Clementi entitled his Op. 49 pieces “Monferrinas,” meaning to invoke a Northern Italian dance–from the state of Monferrato–that occasionally flitters like a Beethoven bagatelle (No. 3 in E) or Schubert waltz (No. 2 in C). The angular No. 4 A Minor seems more modal in character, its light right-hand filigree reminiscent of both Beethoven and Schubert. The curious metrics of No. 5 in A anticipate Schumann. The D Minor/D Major diptych that follows reveals intricacies we associate with Chopin and his forerunner Scarlatti. The E-flat Major takes the 6/8 dance form and turns it into a stamping folk tune with a light trio. The Piedmont sensibility gushes forth in the gentle No. 9 in G Major, almost a Schubert laendler. The No. 10 in C and No. 11 in F might have been marked “alla musette,” since their delicate high range of ornamented notes and ostinato bass invoke a music-box. The last of the set gilds the lily in a series of ringing arpeggios, setting a pattern Schumann could borrow for his butterflies. More virtuosity in the manner of three-hand effects gives us the impression of a restrained and elegant bravura.
The pathos-laden G Minor Sonata “Didone Abbandonata” is Clementi’s last published work, a dramatic scene inspired by the death of the Queen of Carthage at her own hand after her abandonment by her lover Aeneas. Clementi enters the empfindsamkeit world of emotional text-painting, the chromatic lines tracing the twisted love and emotional dissolution of the Queen’s mental state. After a relatively short Introduzione, the main movement, Allegro con espressione, follows, built as a series of emotionally disparate episodes fraught with runs and jabbing sforzati. The harmonies become quite advanced in their dissonance and stretti, almost an adumbration of Liszt. A late Beethoven influence for the Adagio dolente? The sudden moments of anguish suggest an instrumental Gesualdo in broken style. A suggestion of fugato dissipates but leaves obsessive repeats, the chromatic line all but invoking the Liszt B Minor Sonata. The last movement literally captures Dido’s emotional desperation, the runs and choppy bass line appropriate for a silent film melodrama until more of a virtuosic Beethoven ethos sets in. The last page finds Dido’s fury self-consuming, a resounding finale.

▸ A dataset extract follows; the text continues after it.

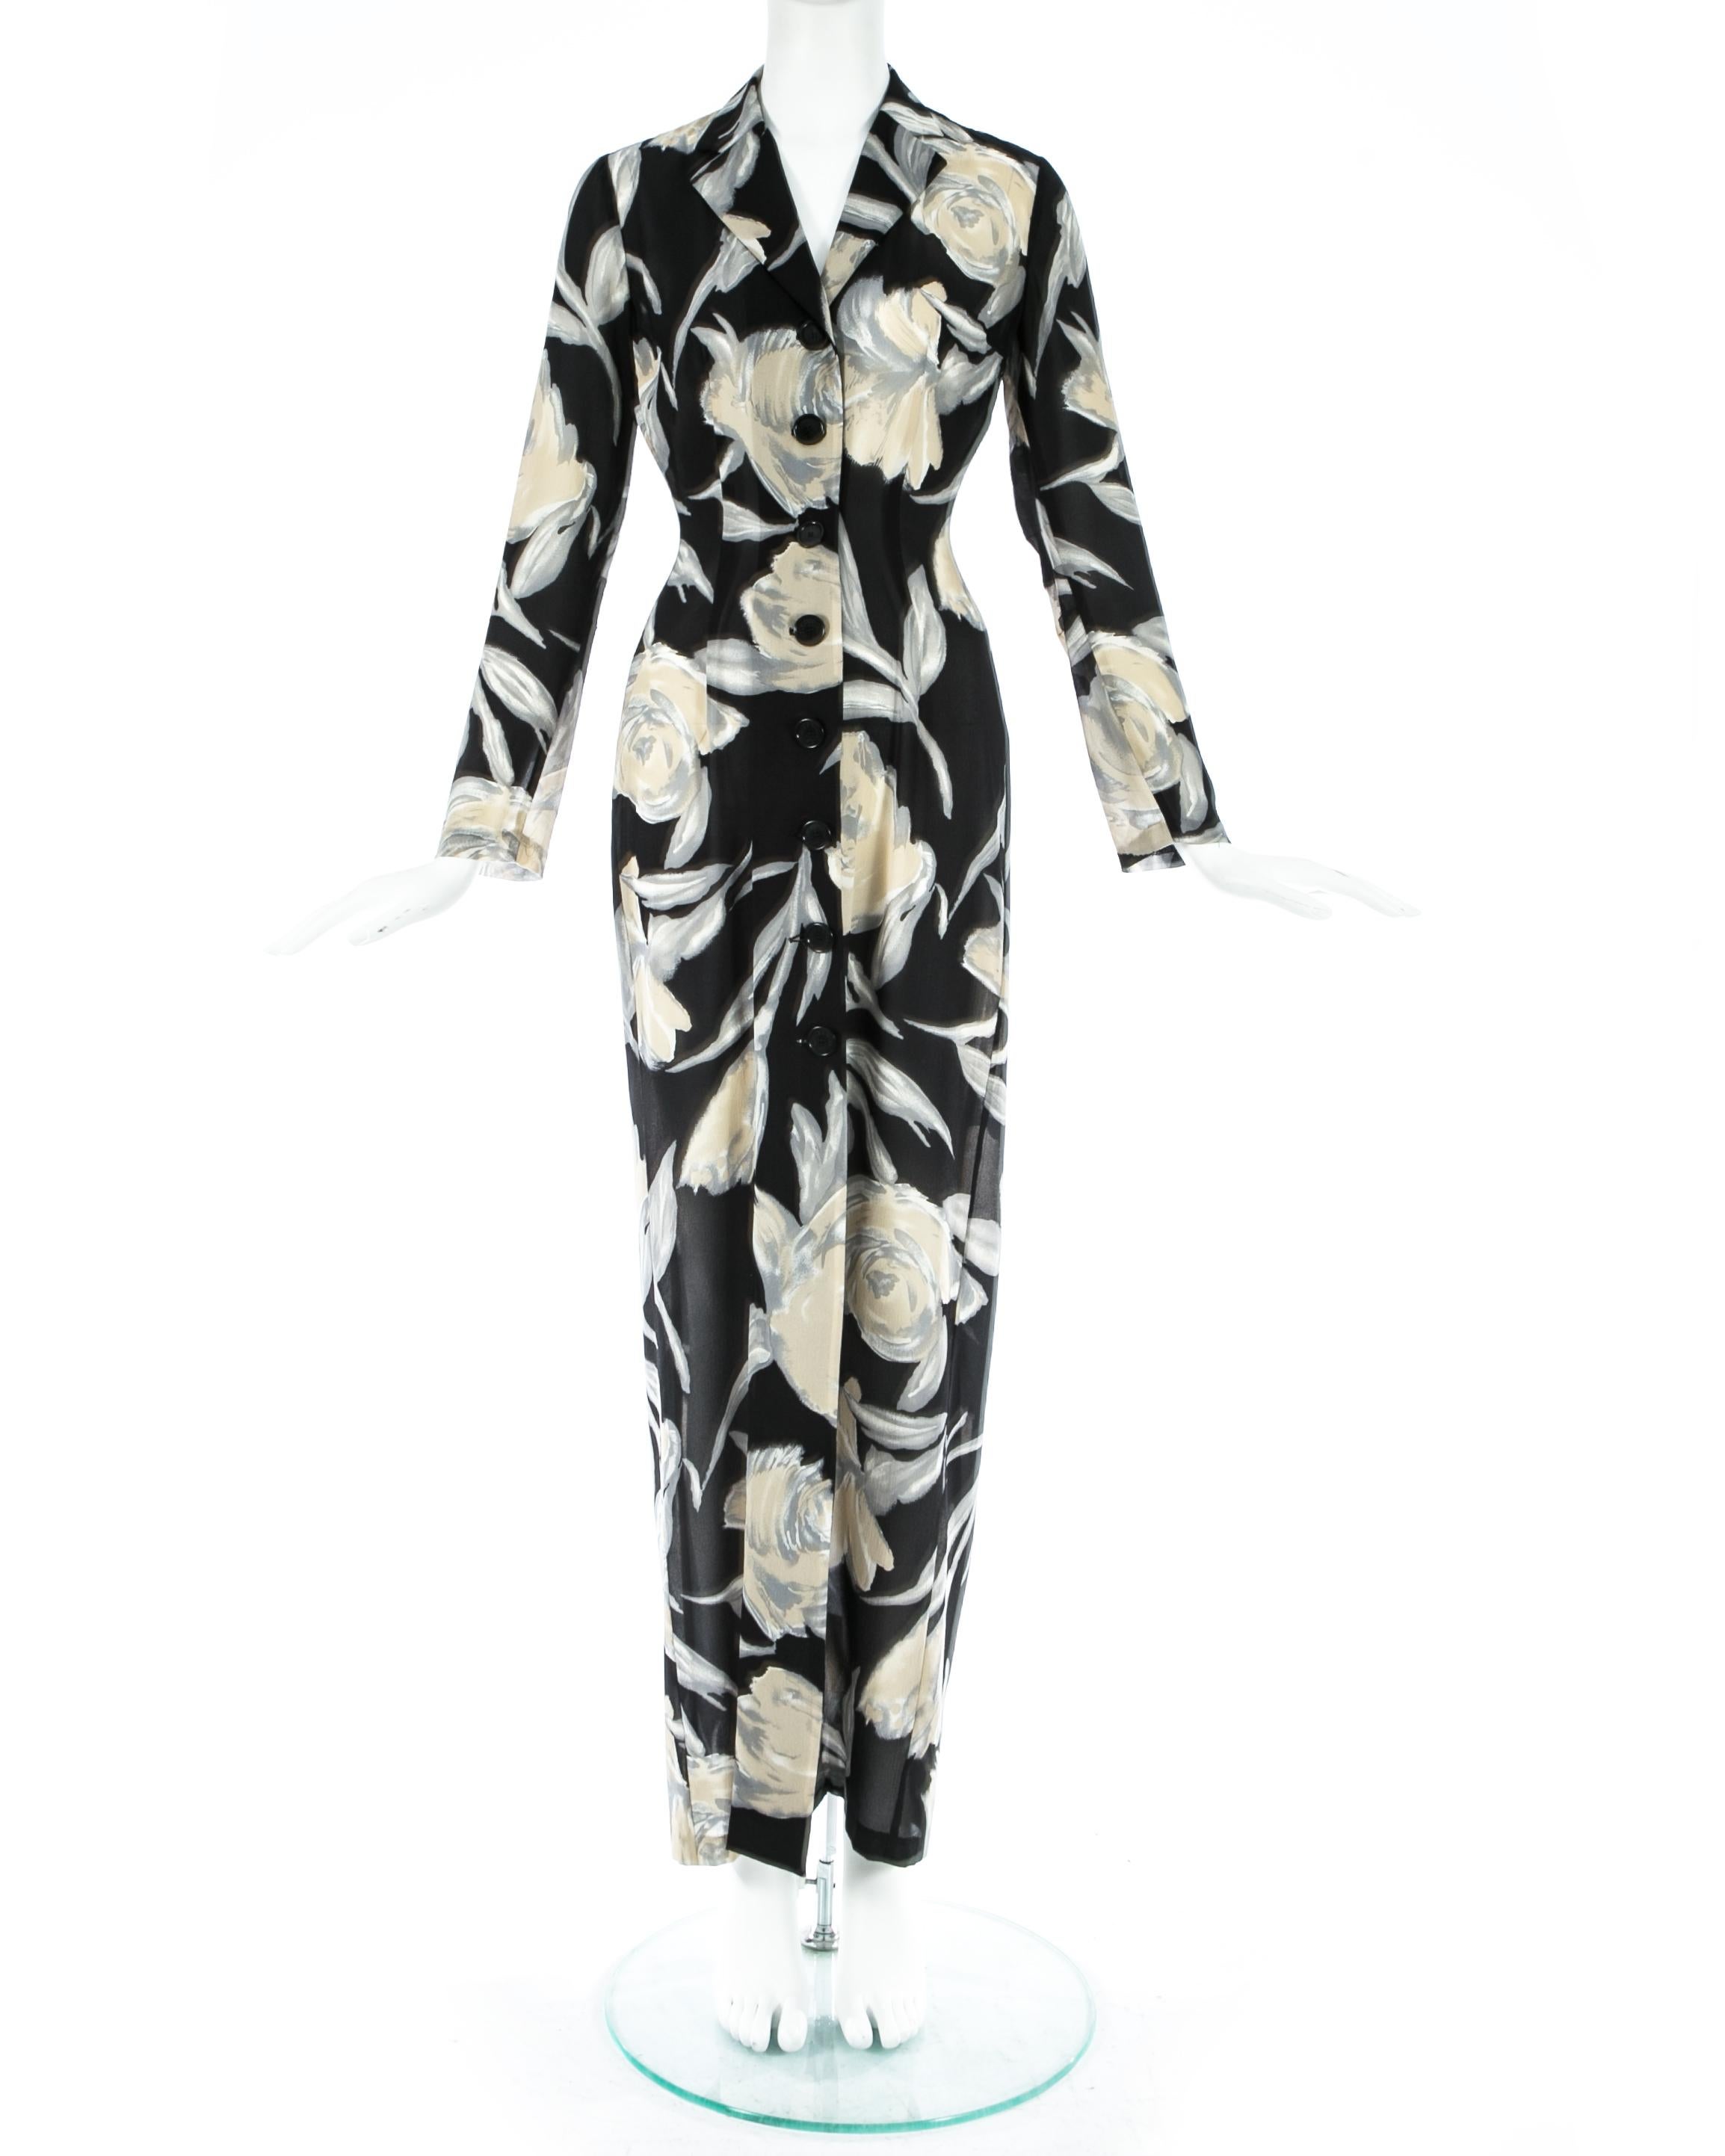 Dolce & Gabbana black and cream silk floral shirt dress

Spring-Summer 1997

For sheer contrast the D Major Sonata fills the Classical bill par excellence, rife with every kind of formula that marks the Haydn/Mozart style. Light, elegant, bubbly in its Alberti bass, the music moves with a frothy energy in the opening Presto. A sweet da capo movement, Un poco andante, follows, unassuming in means and melodic tissue. Haydn meets his match for long strings of runs and brisk fioritura in the Rondo finale. The piano sound–courtesy of Frank Cunningham at WGBH Boston (2009)–enjoys a bright presence without becoming intrusive.